Exercise prompt
Write out exactly the lines from the one containing "Николай Прохоренок. JavaFX" to the end of the material, both ends included, and nothing else. Leave pictures out.

Data segment

■ ■ ■ ■ ■ ■ ■

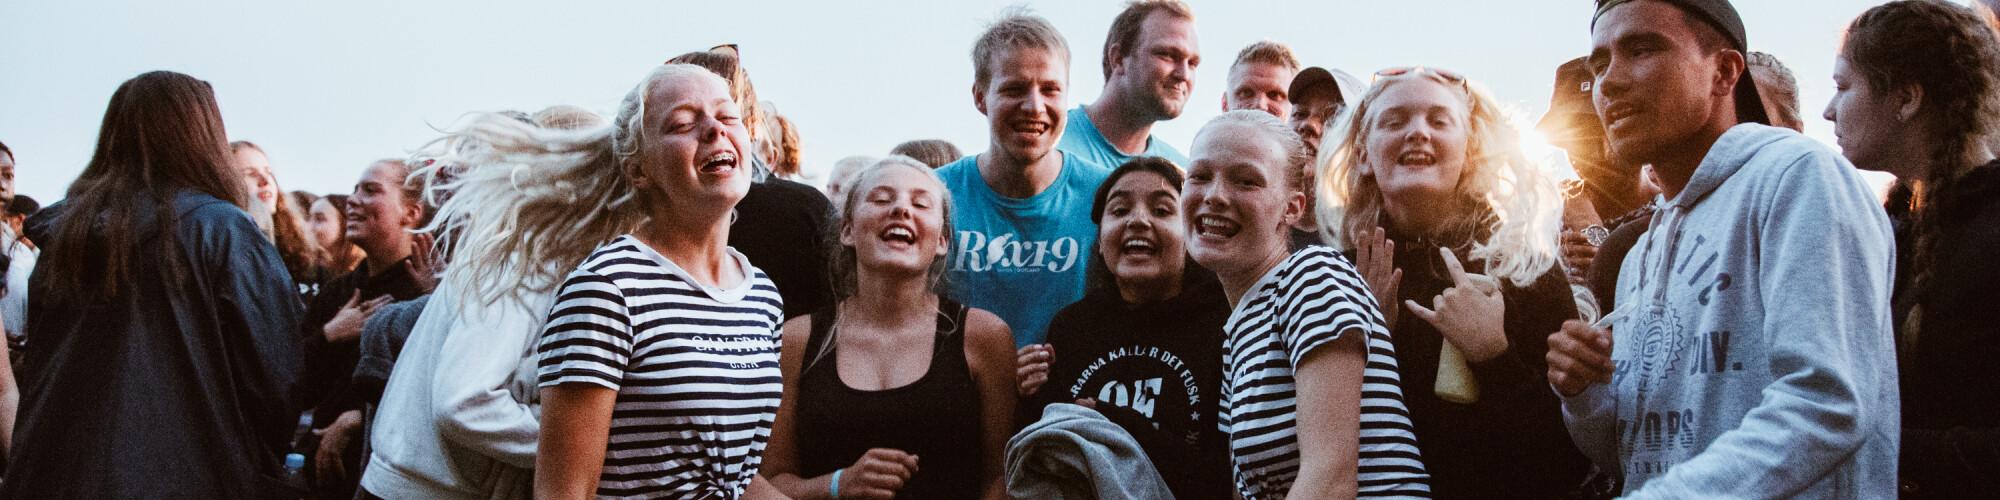 Rix19_Gotland_2019_Alma_Bengtsson_198_web
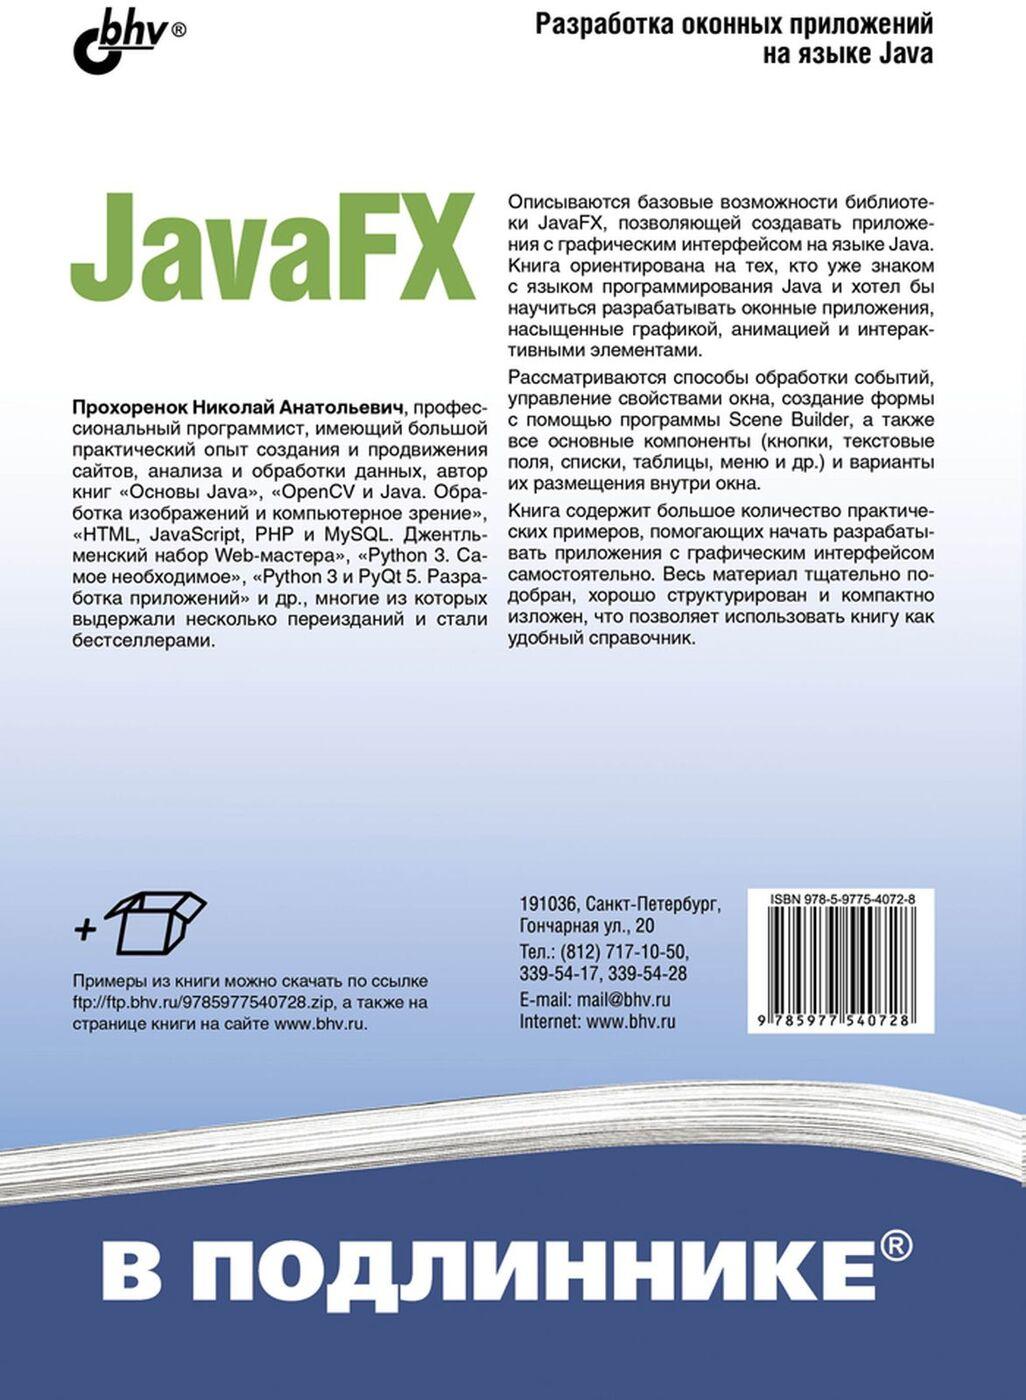 Николай Прохоренок. JavaFX
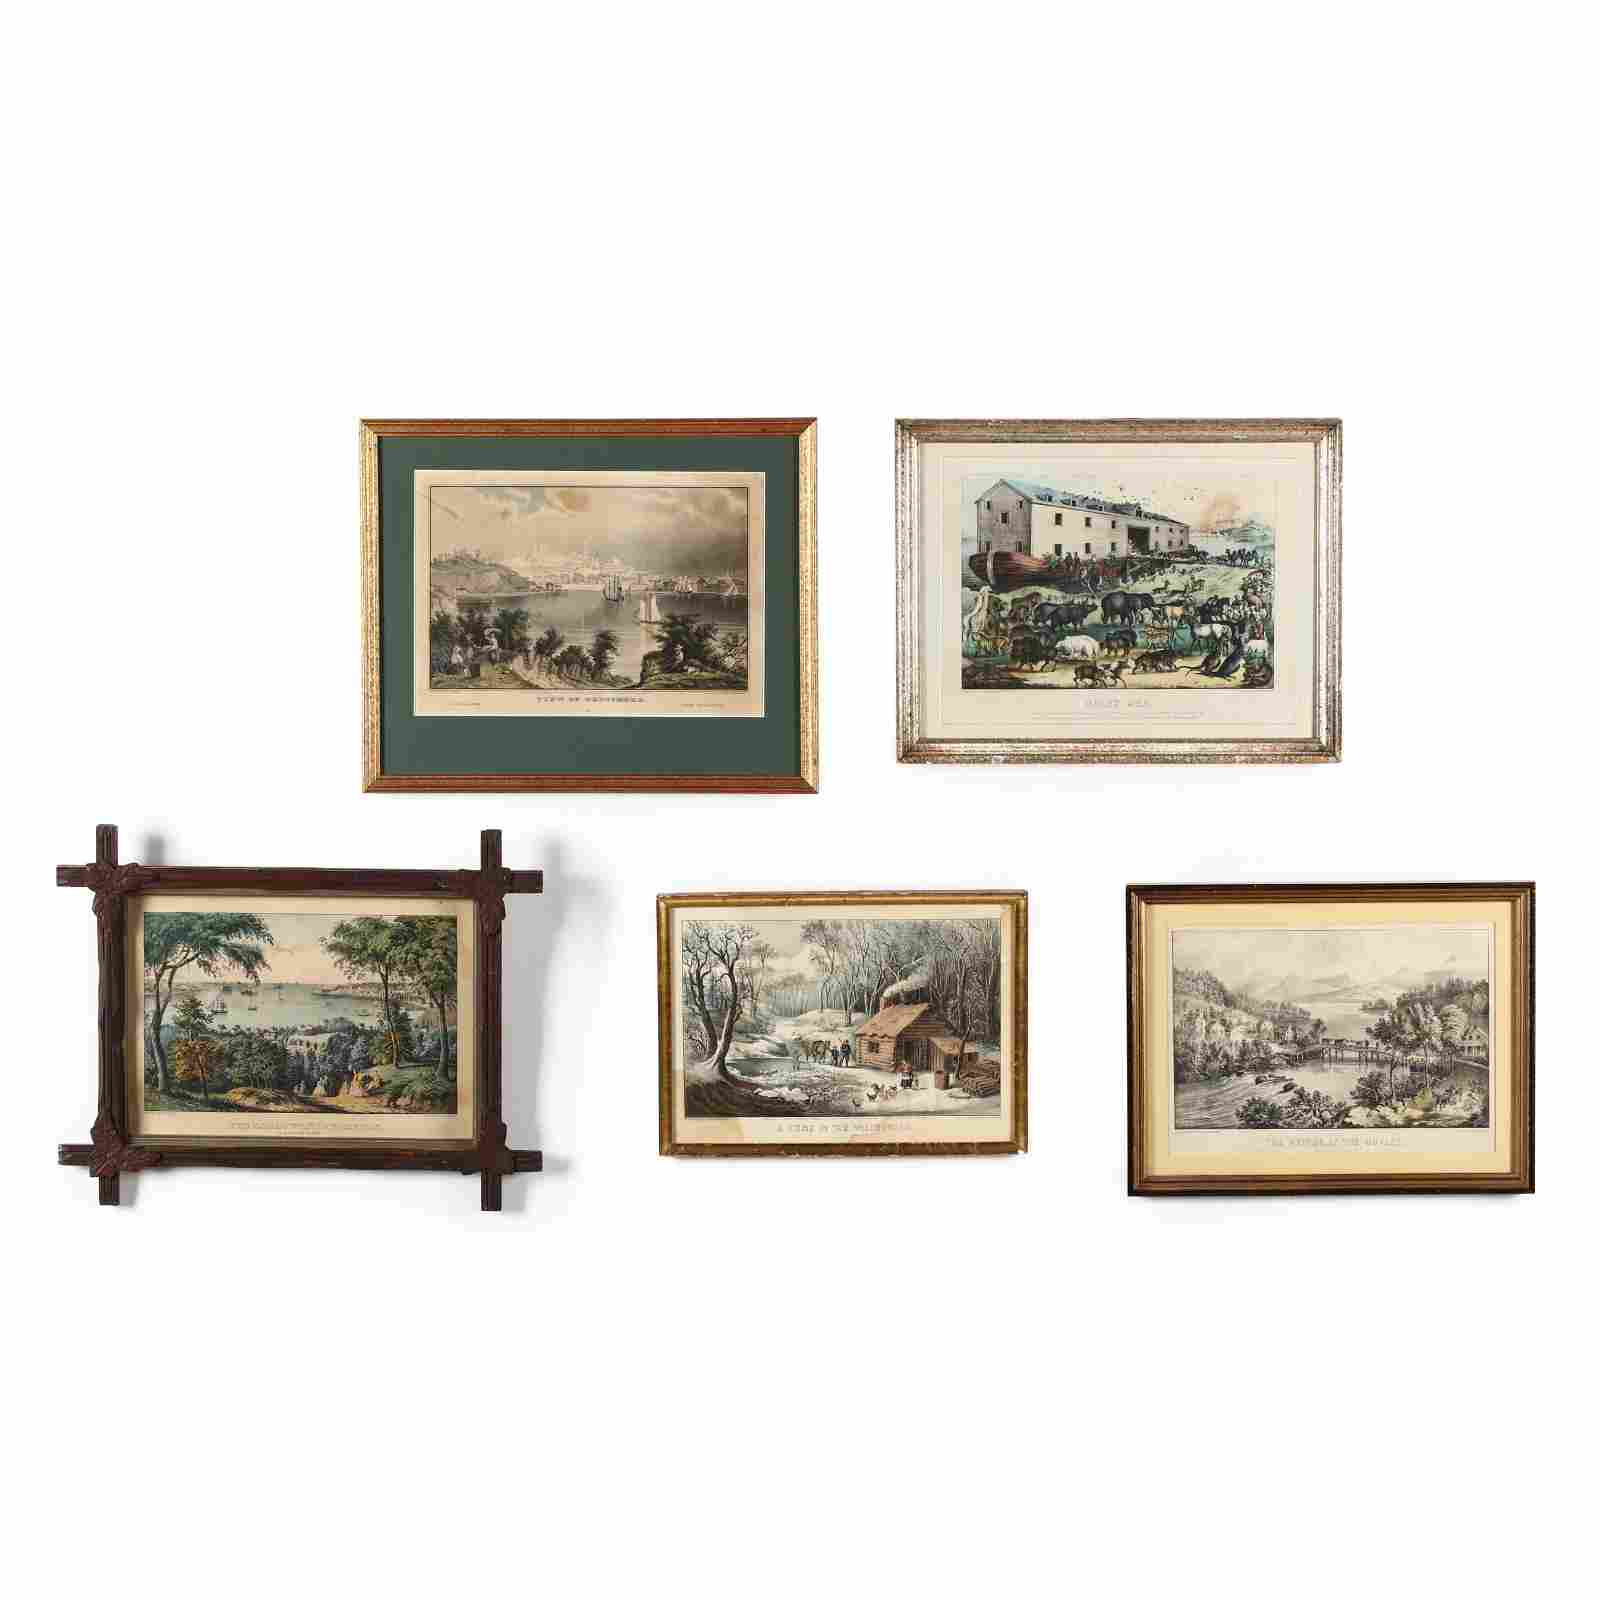 Five Landscape Currier & Ives Prints

■ ■ ■ ■ ■ ■ ■

Result of this task
 Николай Прохоренок. JavaFX
 Five Landscape Currier & Ives Prints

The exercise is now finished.